Work required. In this exercise, write out the data word for word and leave every image out.

Data provided.
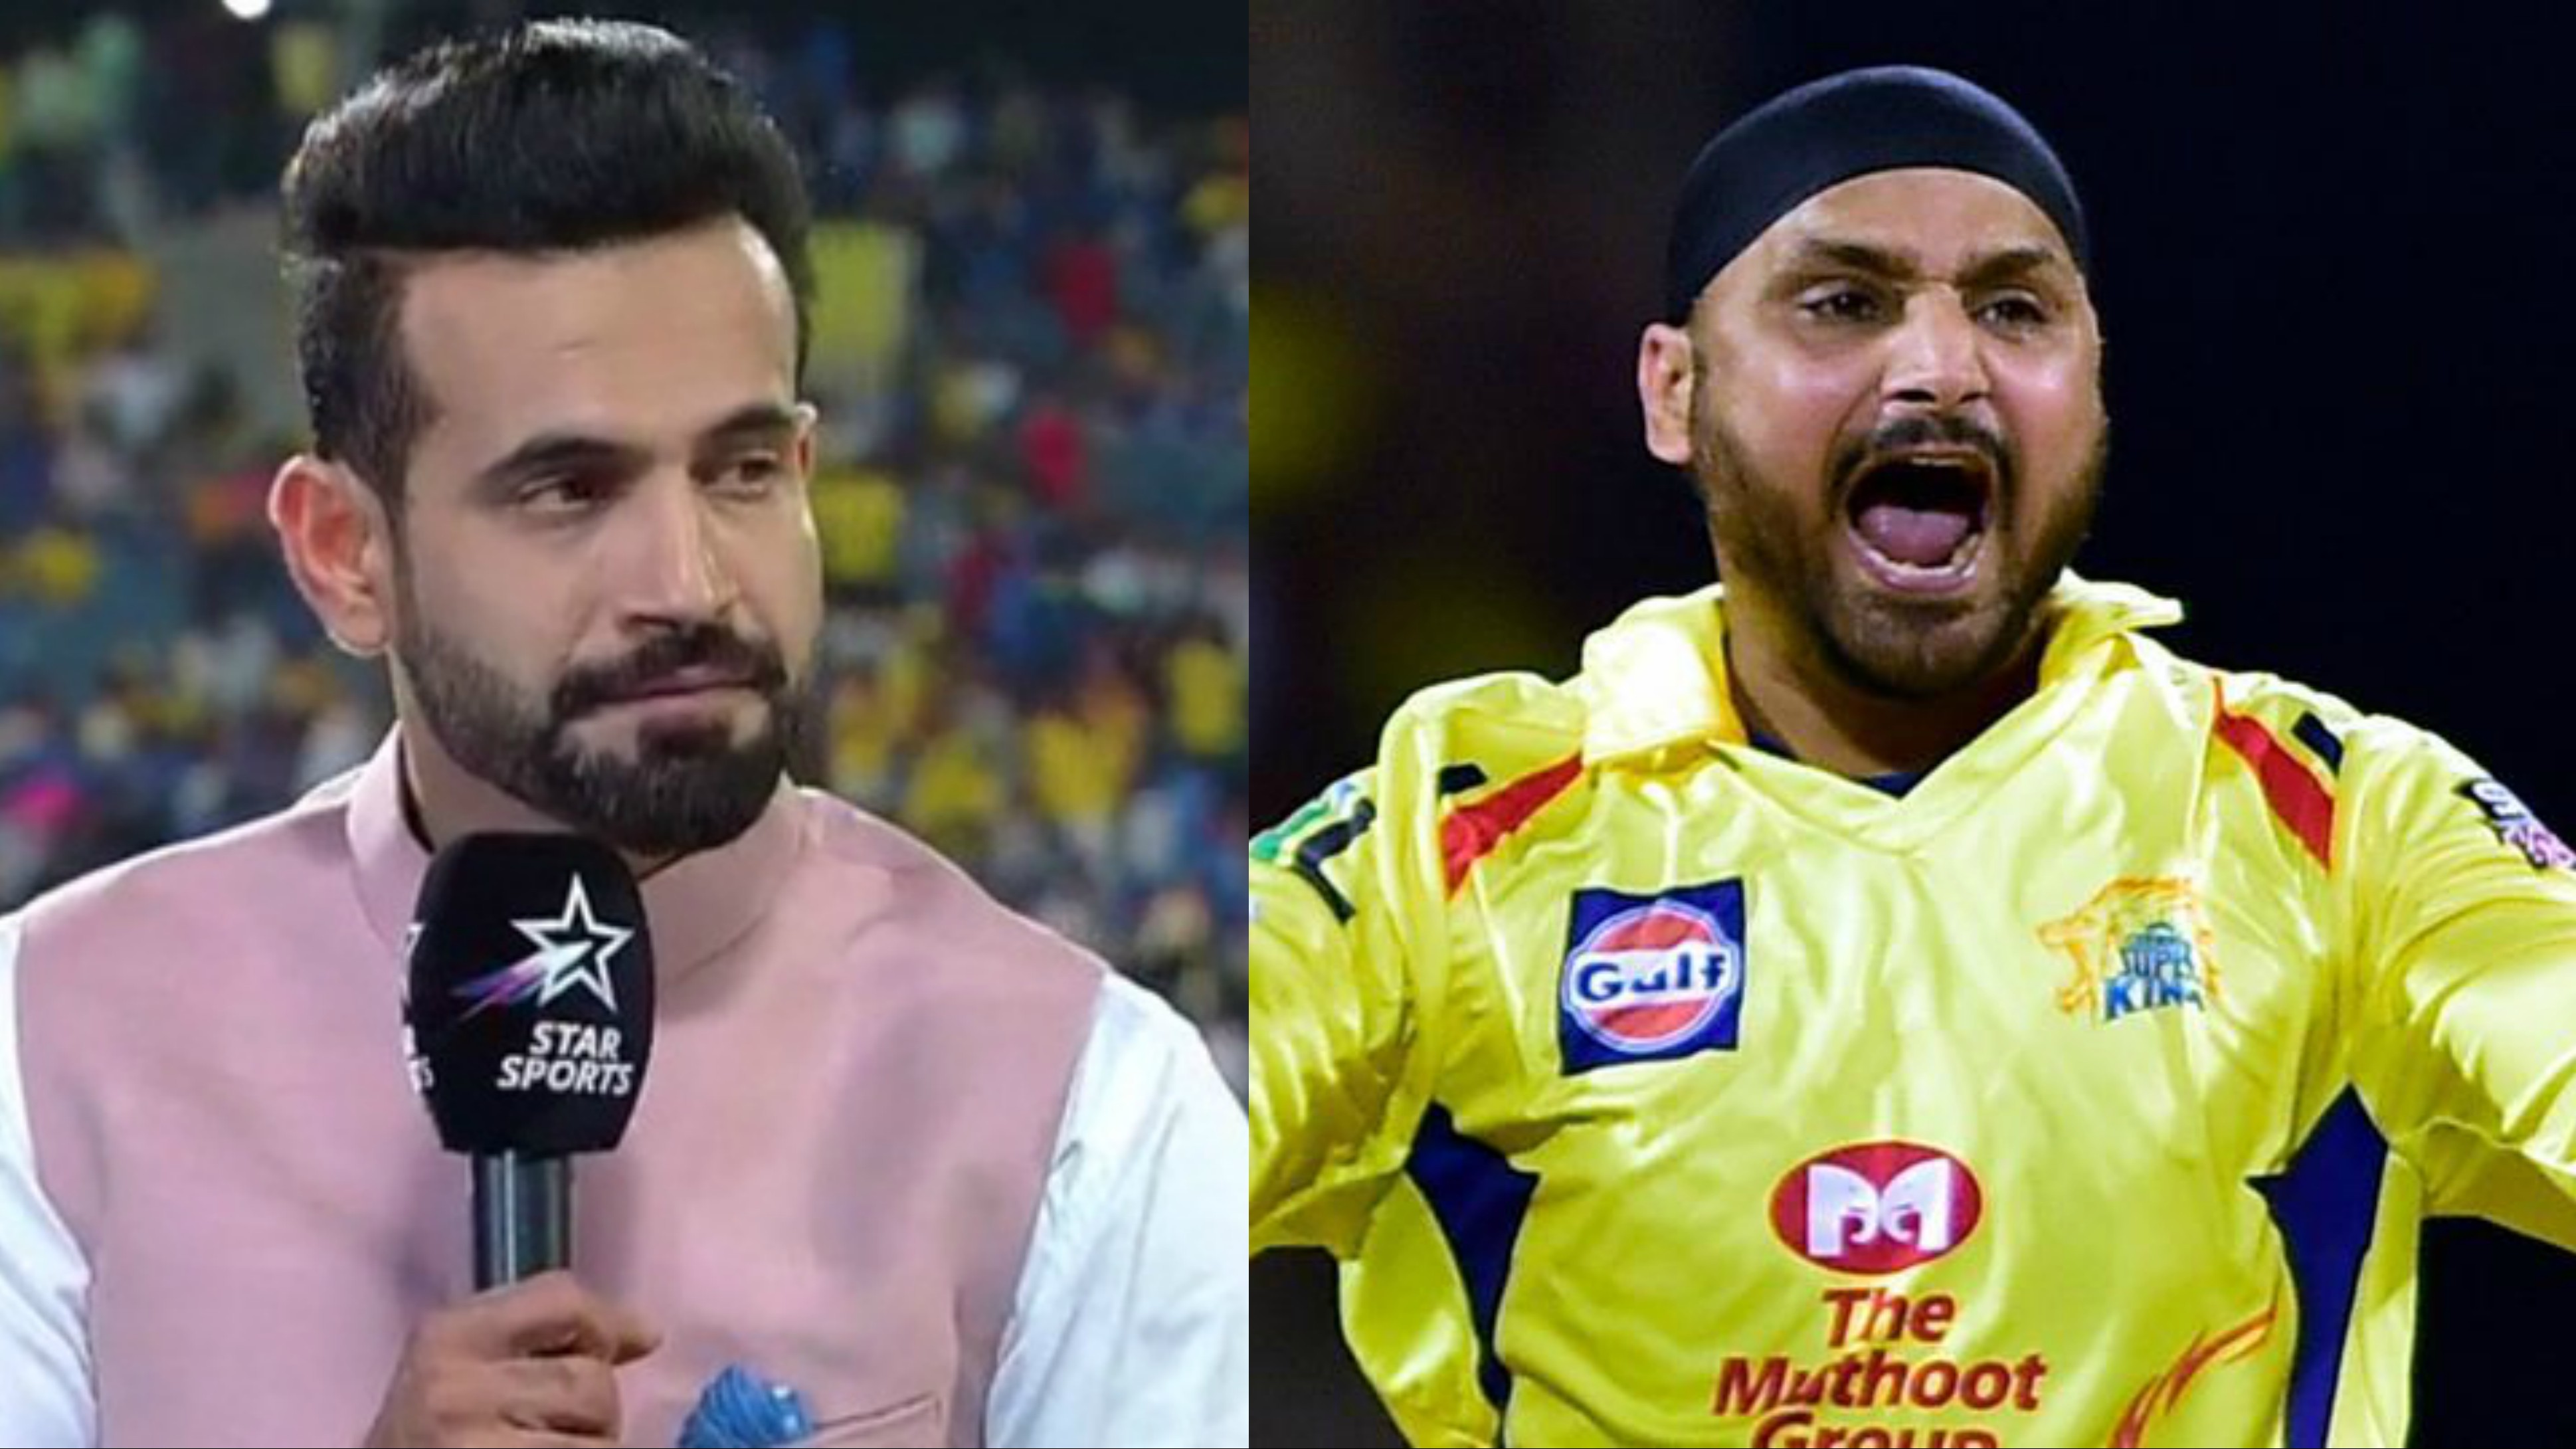 IPL 2020: Difficult for CSK to replace Harbhajan Singh, says Irfan Pathan; has hopes of Raina's return
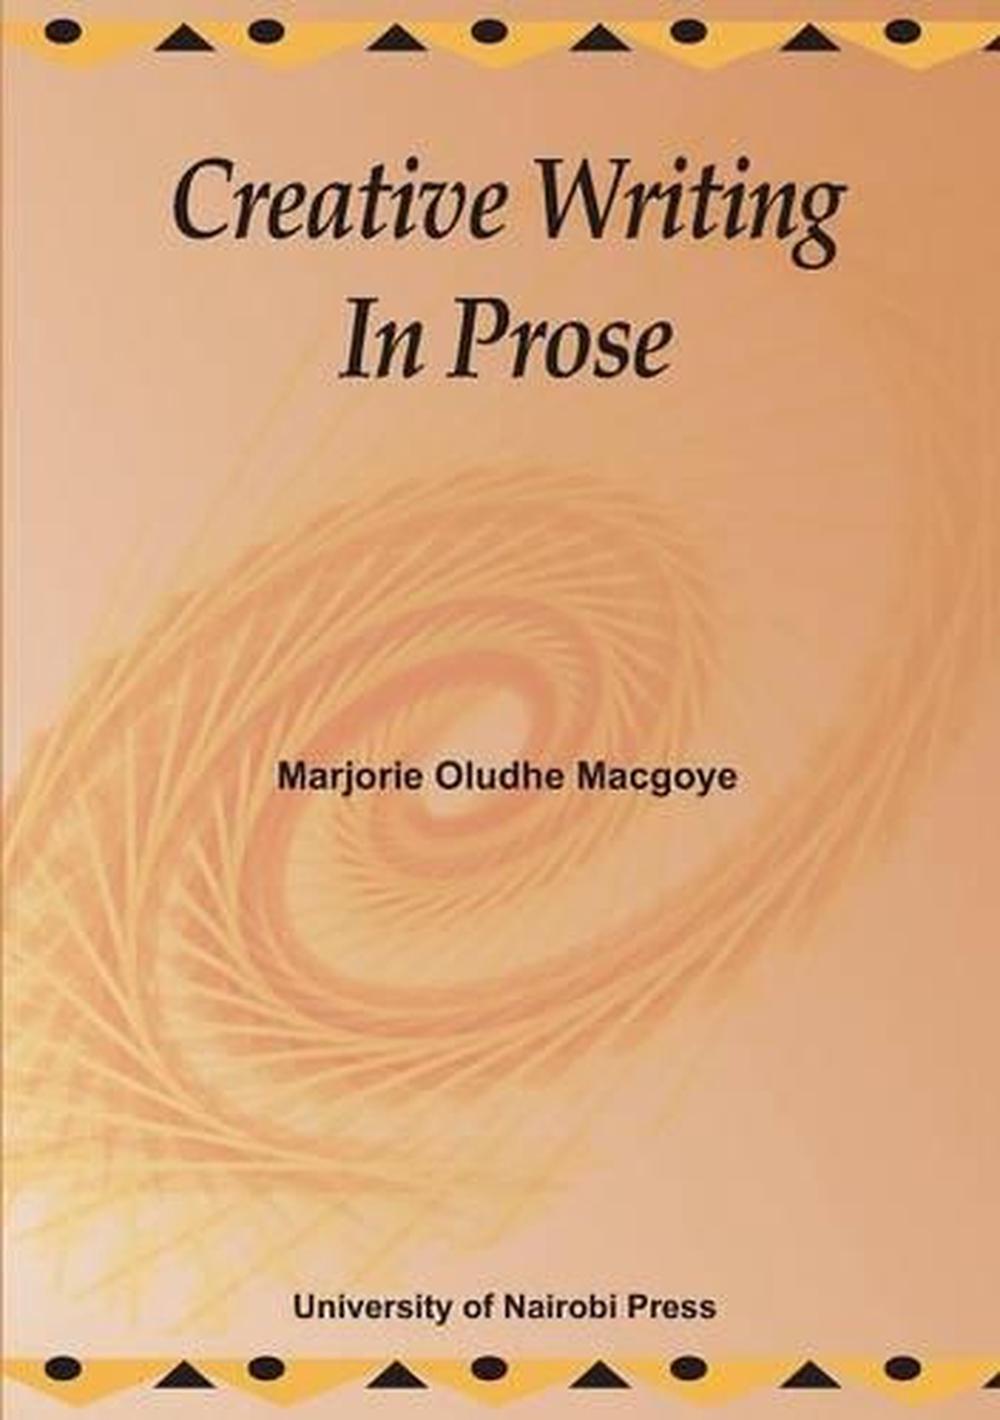 creative writing about prose
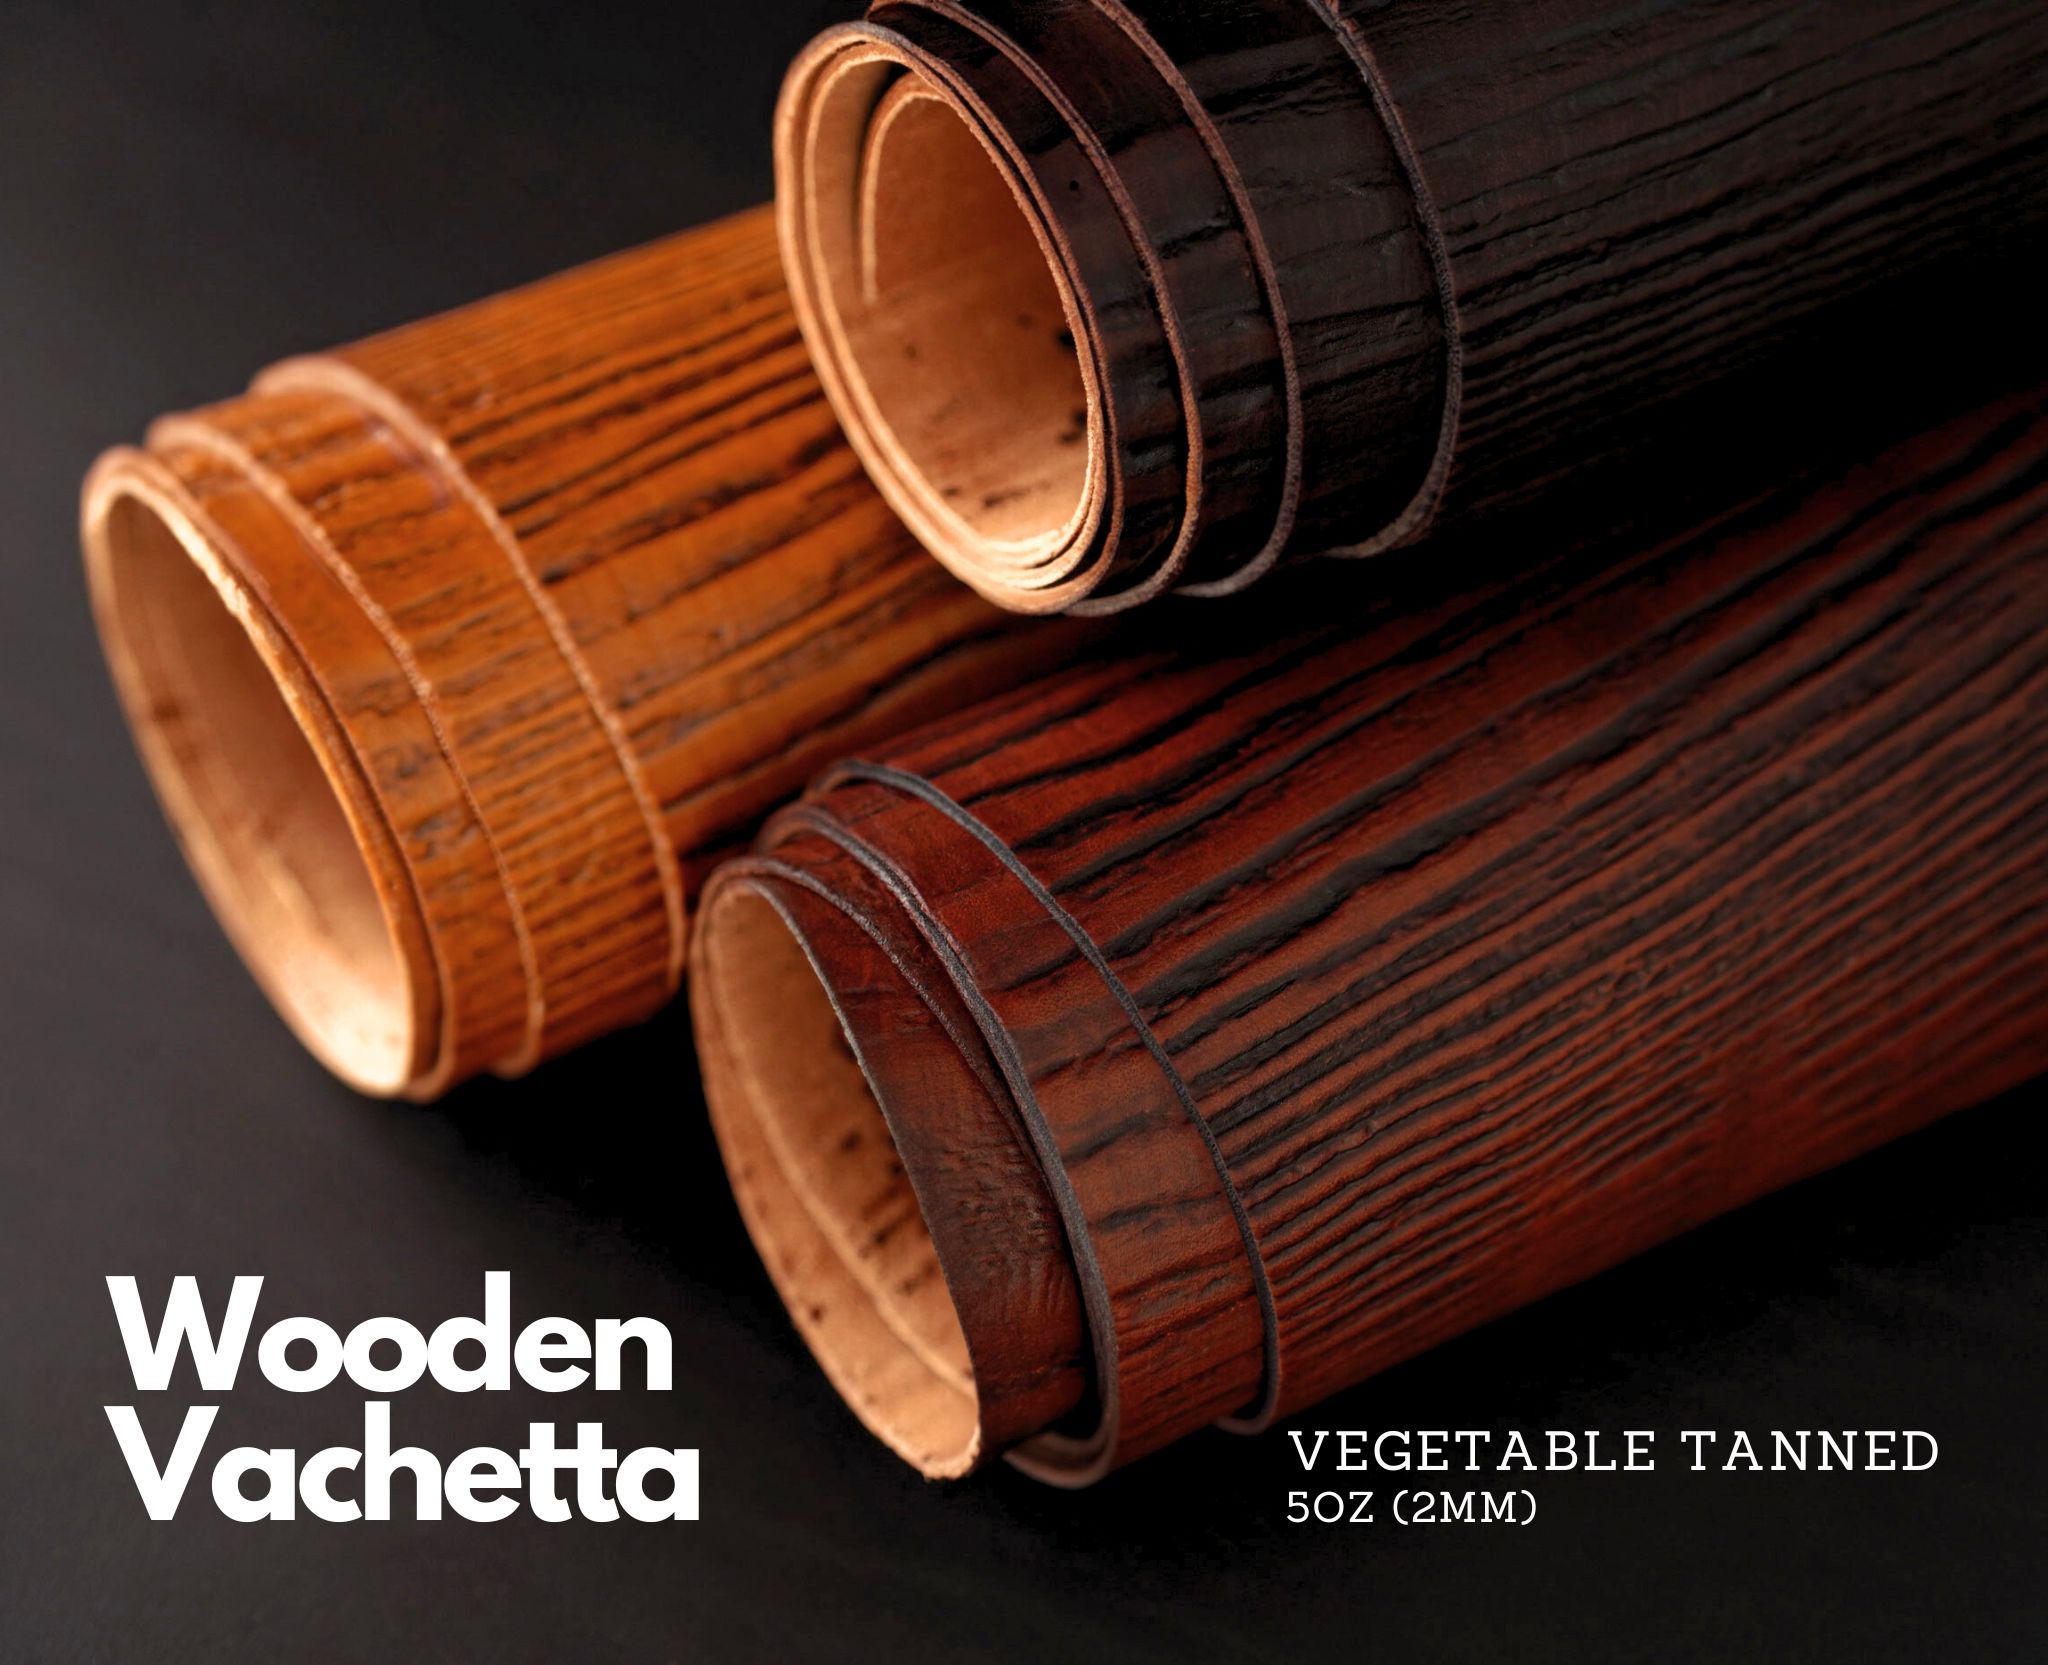 Vachetta leather - Everything you need to know!
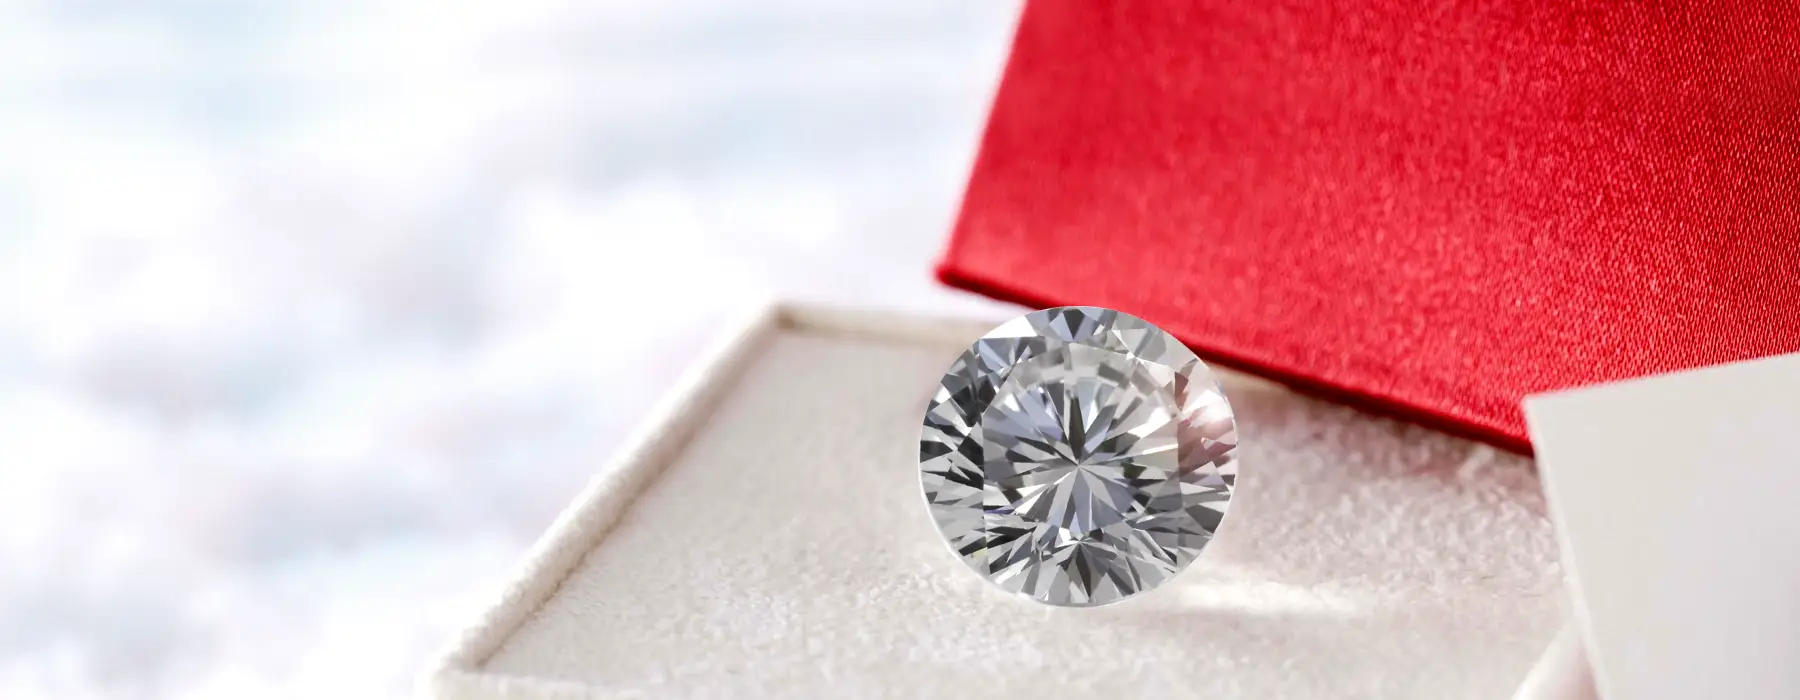 learn the difference between lab diamonds and natural diamond in Canada

Task response.
 IPL 2020: Difficult for CSK to replace Harbhajan Singh, says Irfan Pathan; has hopes of Raina's return
 creative writing about prose
 Vachetta leather - Everything you need to know!
 learn the difference between lab diamonds and natural diamond in Canada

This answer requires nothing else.